Tensão Elevada no Estreito de Ormuz
A Guarda Revolucionária do Irã anunciou nesta quinta-feira (5) que o Estreito de Ormuz, uma artéria vital para o comércio marítimo global, está efetivamente fechado para navios dos Estados Unidos, Israel e países europeus, bem como seus aliados ocidentais. A declaração surge em um contexto de escalada de conflitos na região, que já impactou significativamente o tráfego marítimo e os preços globais do petróleo.
Direito de Controle e Advertências
Segundo a emissora estatal IRIB, o Corpo da Guarda Revolucionária Islâmica (IRGC) reafirmou o direito da República Islâmica do Irã de controlar a passagem pelo estreito em tempos de guerra, com base em leis e resoluções internacionais. O IRGC advertiu que embarcações pertencentes aos Estados Unidos, Israel, Europa e seus apoiadores, caso sejam avistadas, “certamente serão atingidas”.
Guerra se Intensifica e Preços do Petróleo Disparam
O estreito tem permanecido em grande parte inoperante desde o início de uma operação conjunta entre Estados Unidos e Israel contra o Irã no último sábado.

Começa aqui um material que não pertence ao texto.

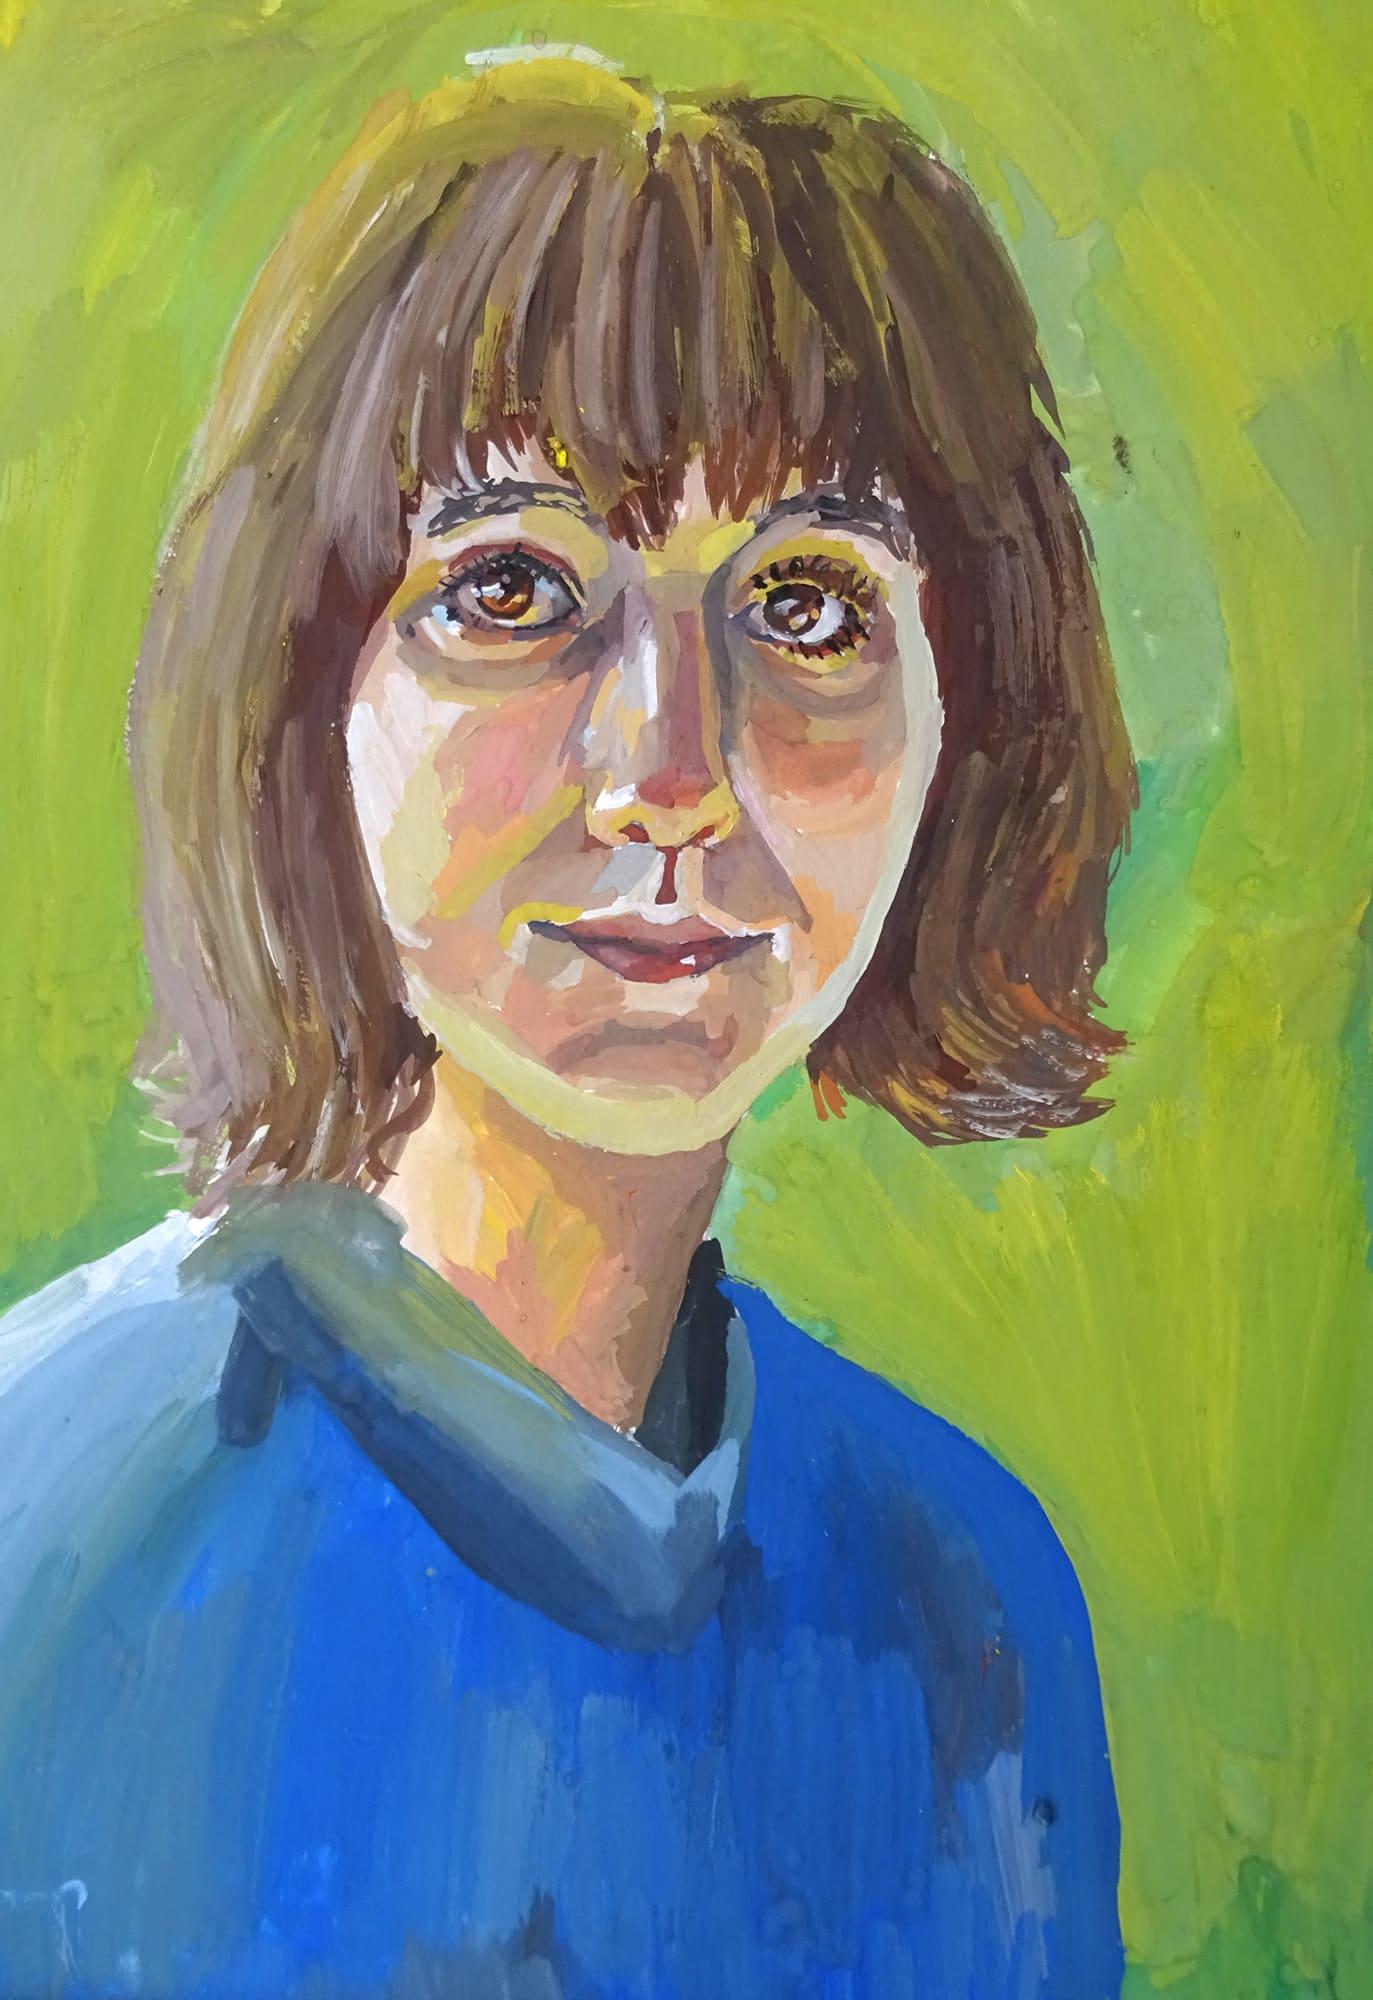 Антипина Дарья, 16 лет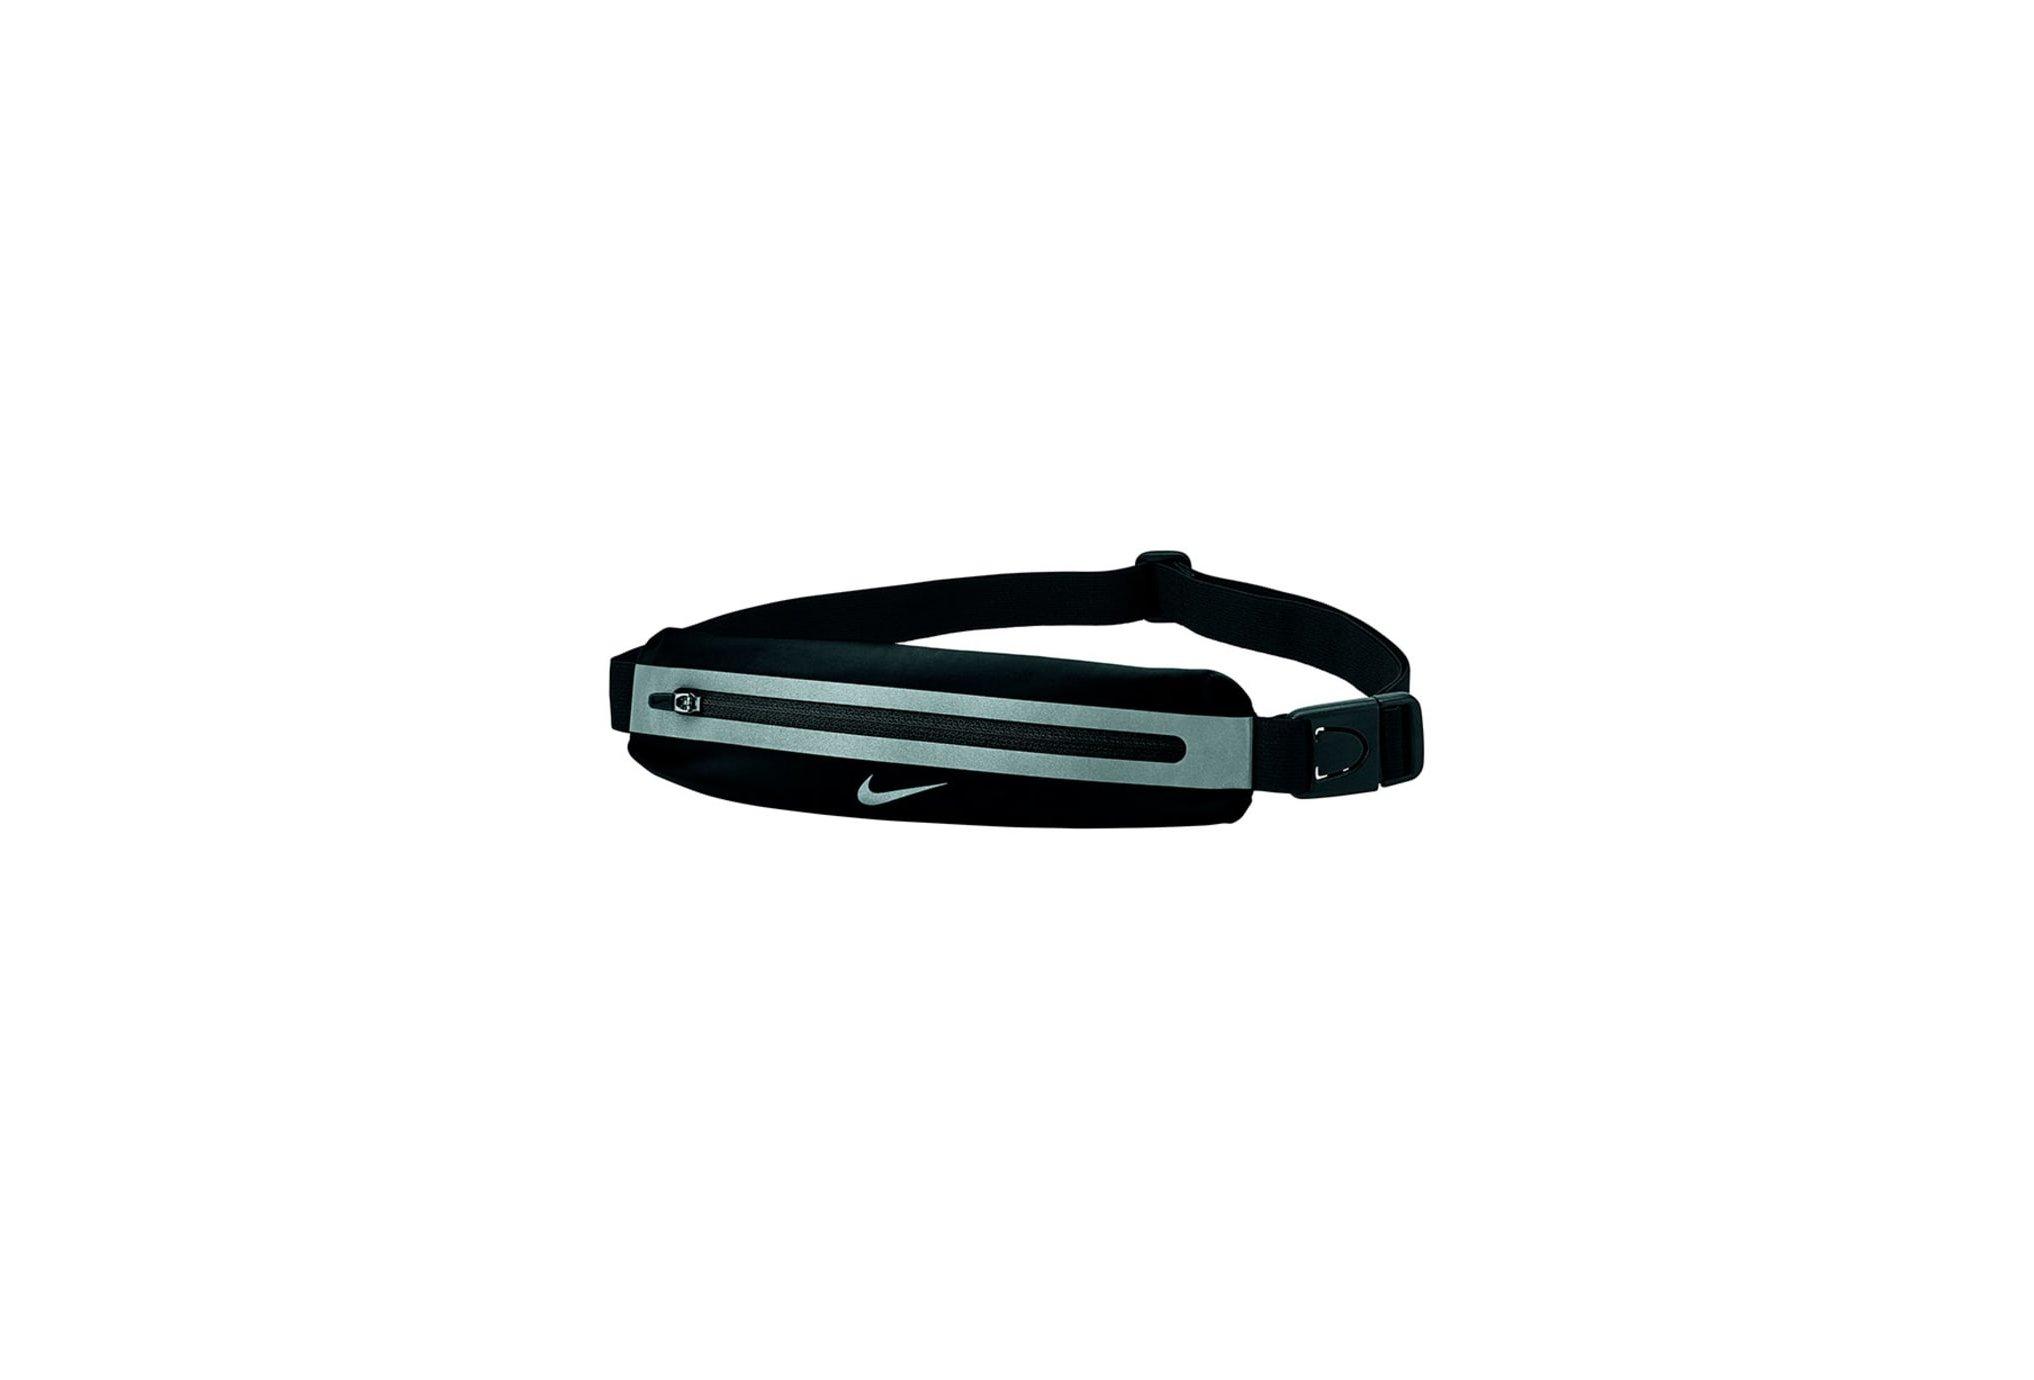 Nike Slim Waistpack Ceinture / porte dossard

Essa paralisação já provocou um aumento expressivo nos preços do petróleo, gerando preocupações sobre a estabilidade da economia global. A situação se agravou nesta quarta-feira com um ataque americano a um navio de guerra iraniano próximo ao Sri Lanka, marcando o quinto dia consecutivo de interrupção no transporte marítimo e no fluxo de energia do Oriente Médio.
Contexto da Crise e Ameaças Recíprocas
A recente onda de ataques iniciada por Estados Unidos e Israel contra o Irã, motivada por tensões em torno do programa nuclear iraniano, desencadeou uma série de retaliações. O Irã direcionou suas ações contra países do Oriente Médio que abrigam bases militares americanas. A mídia estatal iraniana informou que o líder supremo, aiatolá Ali Khamenei, teria sido vítima dos ataques, o que levou o Irã a ameaçar uma “ofensiva mais pesada”. Em resposta, o presidente dos EUA, Donald Trump, alertou o Irã contra quaisquer ataques retaliatórios, prometendo uma resposta militar sem precedentes. Trump reiterou que os ataques americanos contra o Irã continuarão ininterruptos até que o objetivo de paz seja alcançado.